Sunday, October 4, 2015

An Obsession or Love for the Job: My Journey

My first two years as an administrator I was obsessed with my job. I wanted to learn everything so that I could move upward in the organization. My quest for knowledge meant that I volunteered or agreed to do everything! I was on every committee, went to every sports game (weekends included), I went to every board meeting, I even joined our parent/professional organization. I arrived to work before 6 a.m. and was leaving after 9 p.m. (with a 90 minute round-trip drive). This obsession made my "To Do List" for everyday something that I could not escape. At night trying to relax, meant thinking about what was happening tomorrow. I was so focused on tomorrow, that I did not experience or fully engage with today. I was exhausted emotionally as well as physically. I was the first one arriving to school and the last to leave. I was sprinting through a race and am not sure that I was 100% available for anything. I know I did not listen to all conversations with a completely open-mind and I know that I did not reflect. When people asked me if I loved my job, I always responded with yes, but now I know that I was obsessed. I am now in my fourth year as an administrator, in a completely different district, in a completely different type of administration, and I can say that I love my job!
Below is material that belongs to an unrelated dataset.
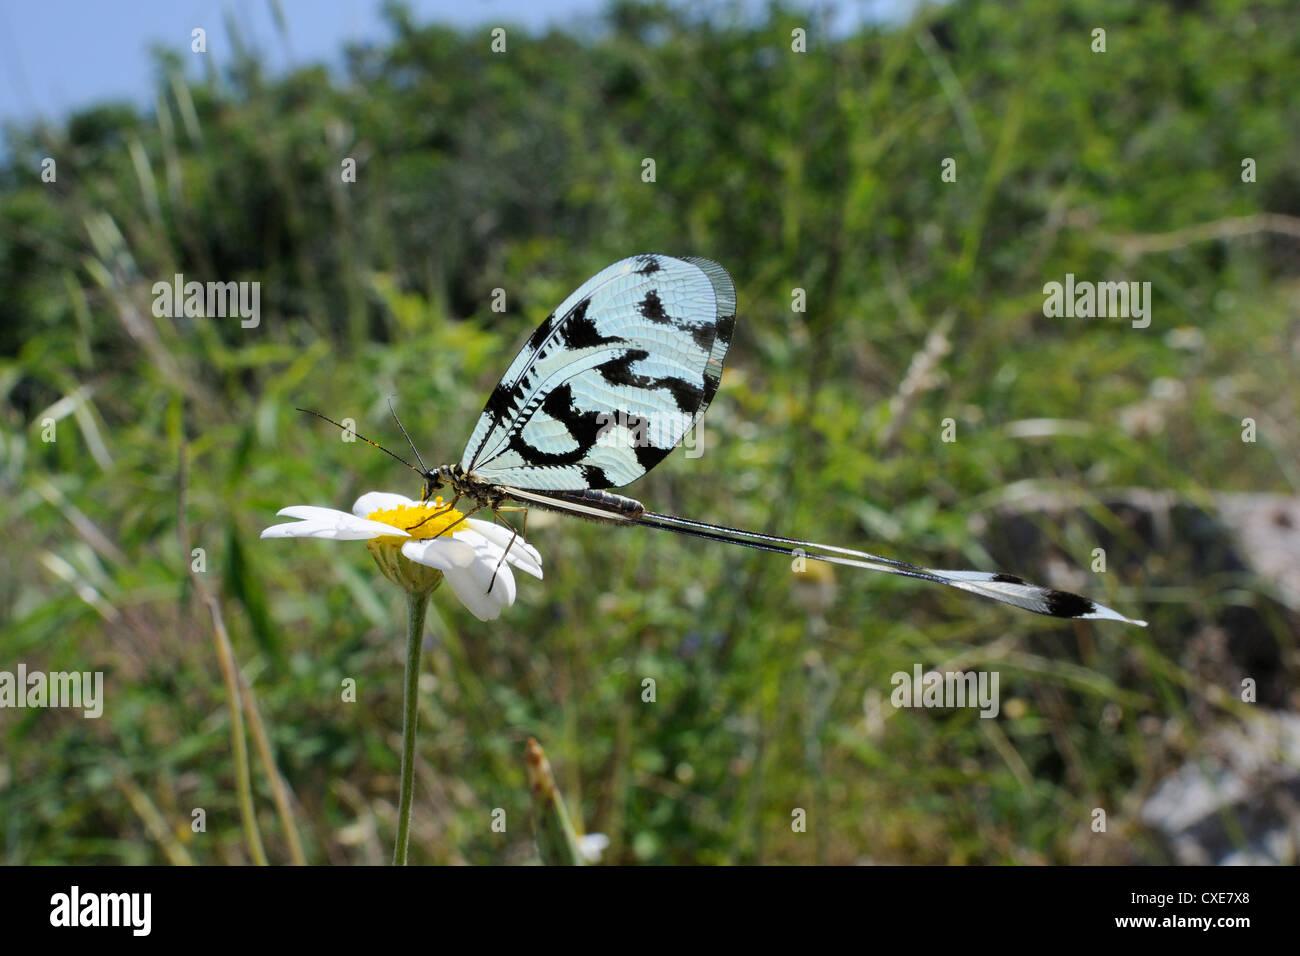 Rosca o lacewing Spoonwing lacewing alada (Nemoptera sinuata) alimentación en ojo de buey margarita (Leucanthemum vulgare), Lesbos, Grecia Foto de stock

I think I work just as hard as I did in my earlier years, but now I am moving at a healthy pace. I am taking breaths before I react, I am listening to people with an open-mind, and I am reflecting each day, even multiple times a day. I am taking time to do things that I enjoy (Twitter chats, EdCamps, reading educational books) or am learning to enjoy (writing a blog). Doing these activities are helping me to grow in ways that I could never imagine. Instead of searching to learn "Everything" about an organization, I am learning how to be a better leader. This shift in thought, has helped me to fall back in love with my job and truly enjoy each day. I have heard many times that you need to, "Take time for yourself" or have something to do for "Fun." For me it was deeper then that. I needed to shift my thinking. I needed to realize that I was moving at a pace that did not allow for me to enjoy what I was doing. By slowing down, I see that I have time to do the things I love. These things that I do for fun, no longer interfere with my "To Do List" for tomorrow.

2 comments:

  1. Angela...I LOVE this! You are an AMAZING person that I'm privileged to know! I would love to hear about your new endeavors...drop me an email sometime!
    Geri Bell

    ReplyDelete
    Replies
    1. I miss you Geri!! Thank you for your kind words. I hope you have an amazing holidays!!